Dr. Mohammed Ali Hameed Hasan*

ABSTRACT

Despite the fact that in the severest cases of hyperglycemia the crystalline lens is clear enough to allow adequate visualization of the deeper structures, there is a deep-rooted belief that a relationship exists between cataract and diabetes. Ancients knew that an excessive amount of sugar in the urine is a pathologic condition. They also were aware that opacity of the lens, presently known as cataract, unless it is removed, may cause blindness. Hindu physicians far back in antiquity recognized diabetes mellitus by observing that flies and insects fed on the urine of certain patients.
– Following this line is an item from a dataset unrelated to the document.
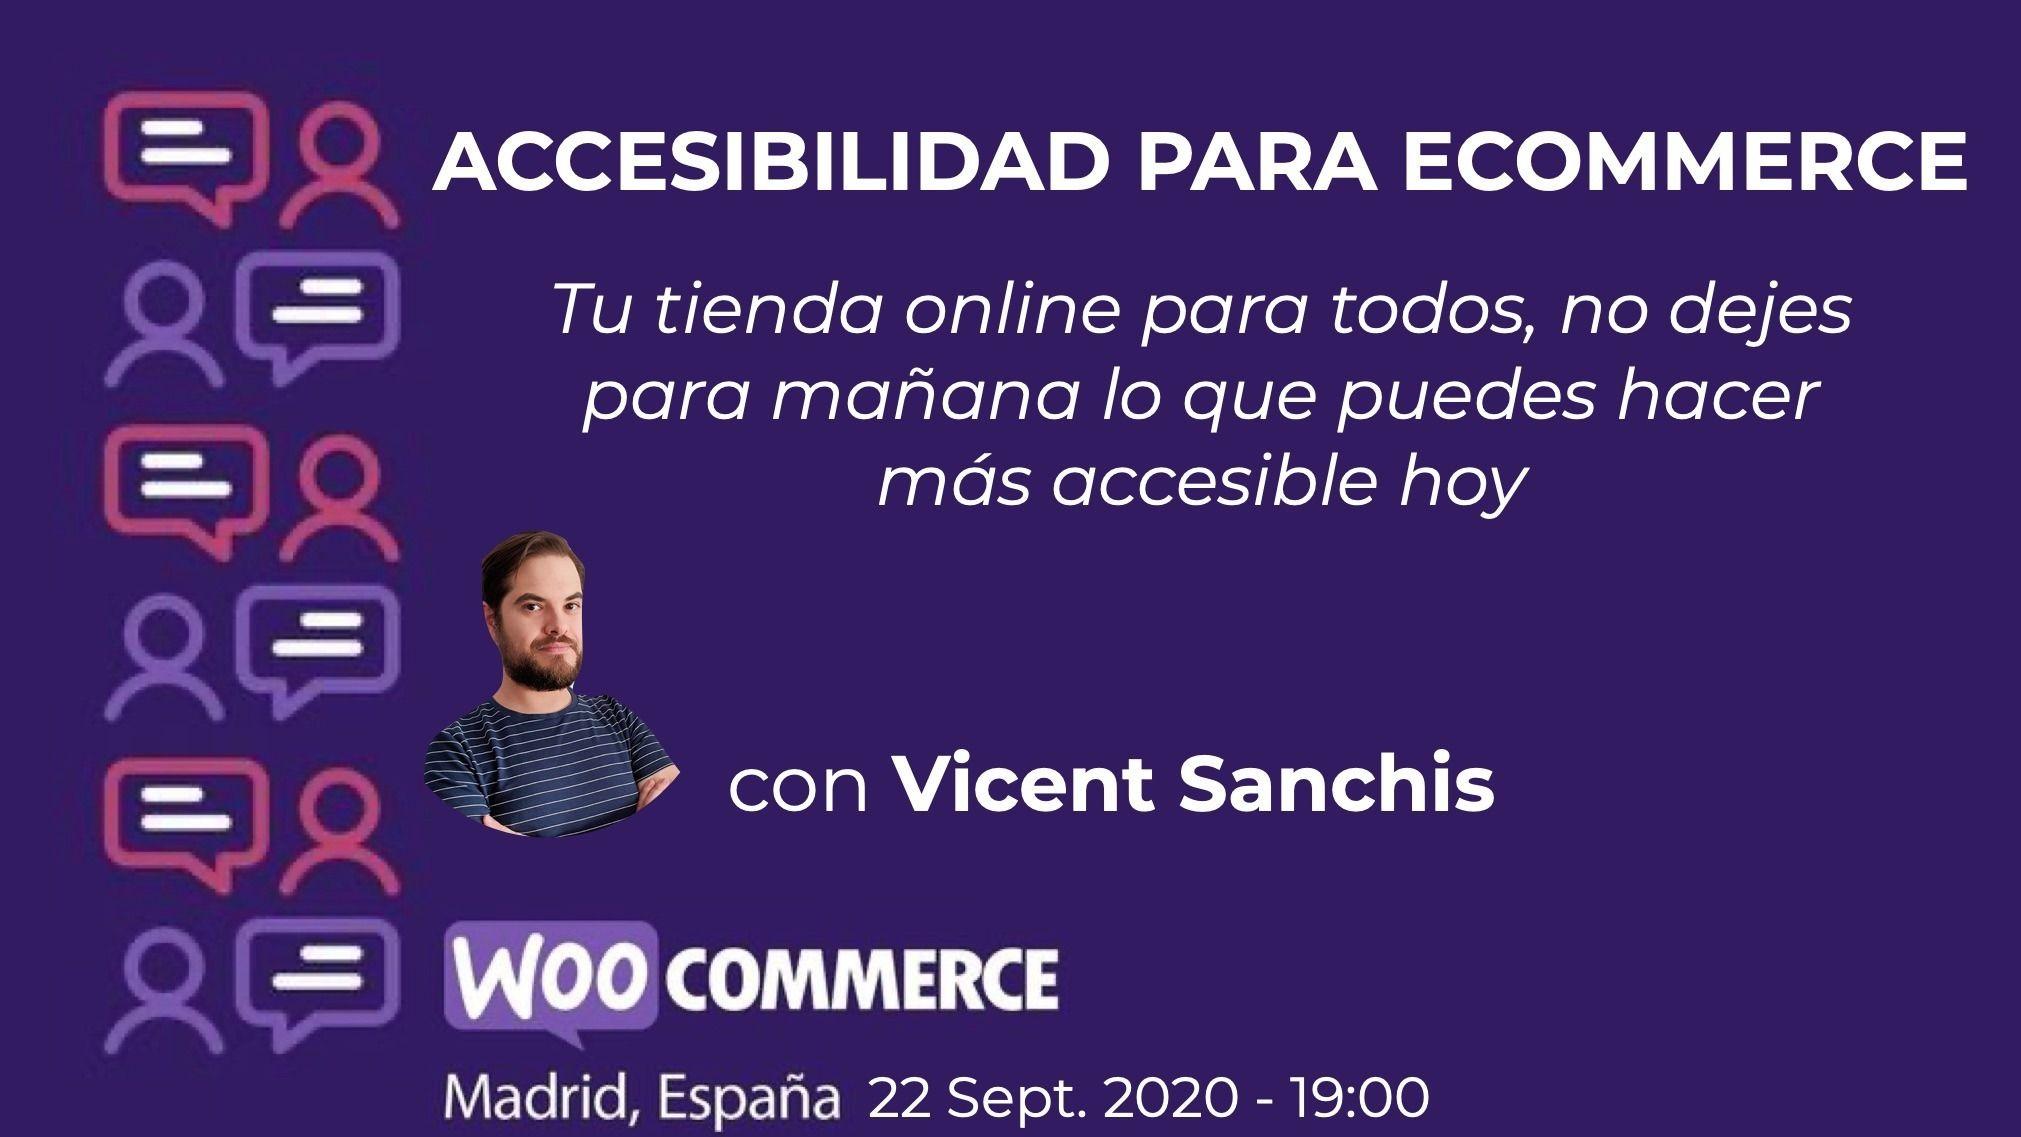 Accesibilidad en WooCommerce 2
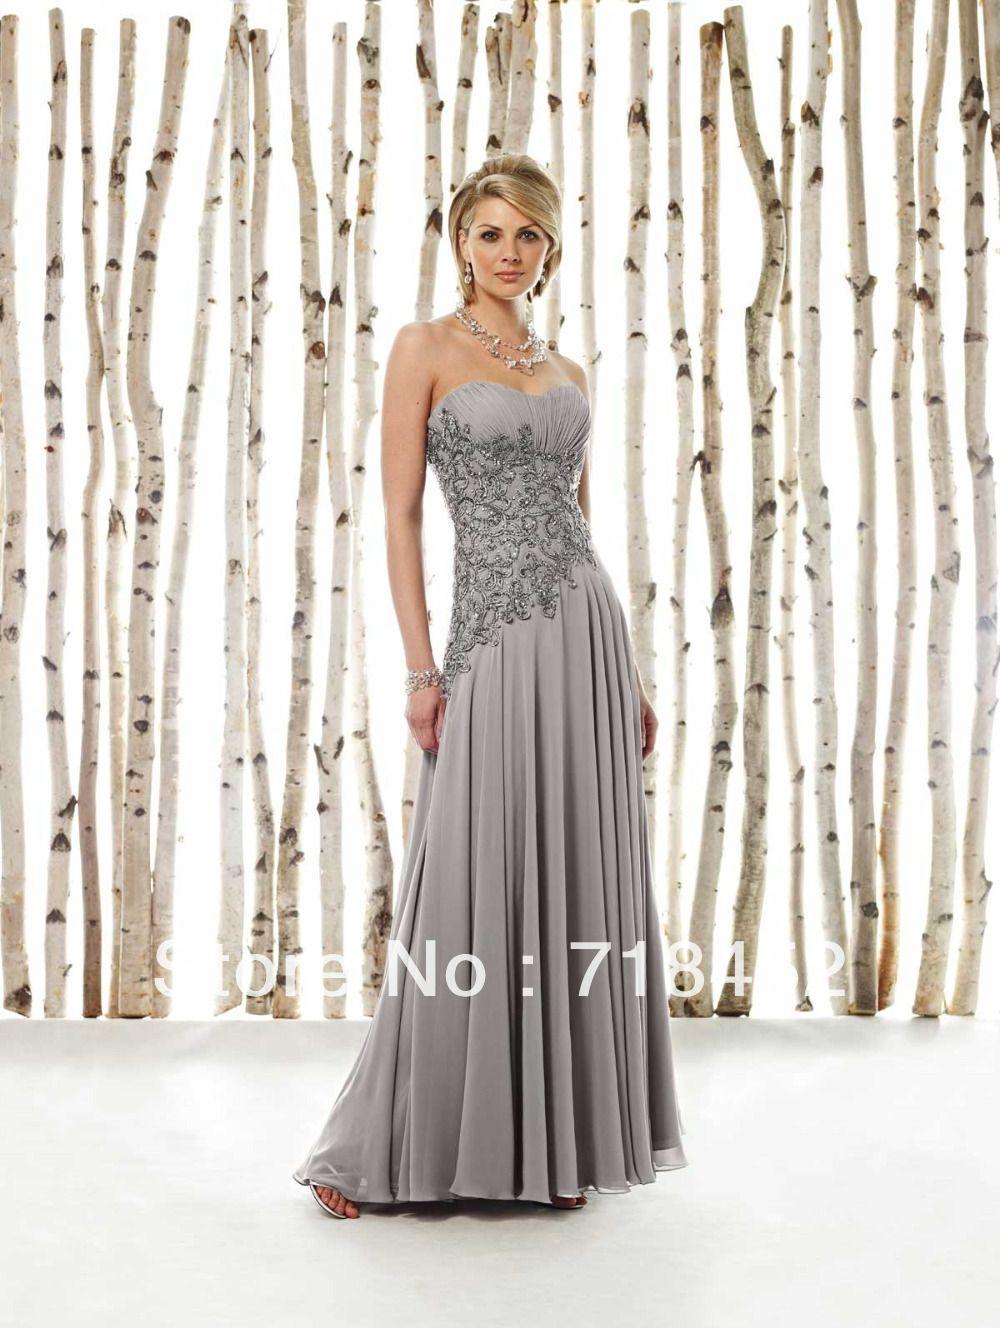 Madre de la novia on AliExpress.com from $132.65 | Ana | Pinterest ...

Susruta, the father of Indian surgery, was familiar with both the clinical picture of the disease and with the sweet taste of the urine of diabetic persons. Diabetes was, and still is, a disease prevailing among the Hindus. Cataract was recognized as a serious ocular lesion by the Egyptians still earlier (probably by 3500 B. C.). Some of the cases of blindness of the patriarchs mentioned in the Old Testament[1] were probably due to cataract. Susruta[2] (about 1000 B. C.) described cataract as an opacity of the lens caused by a derangement of the intraocular fluids.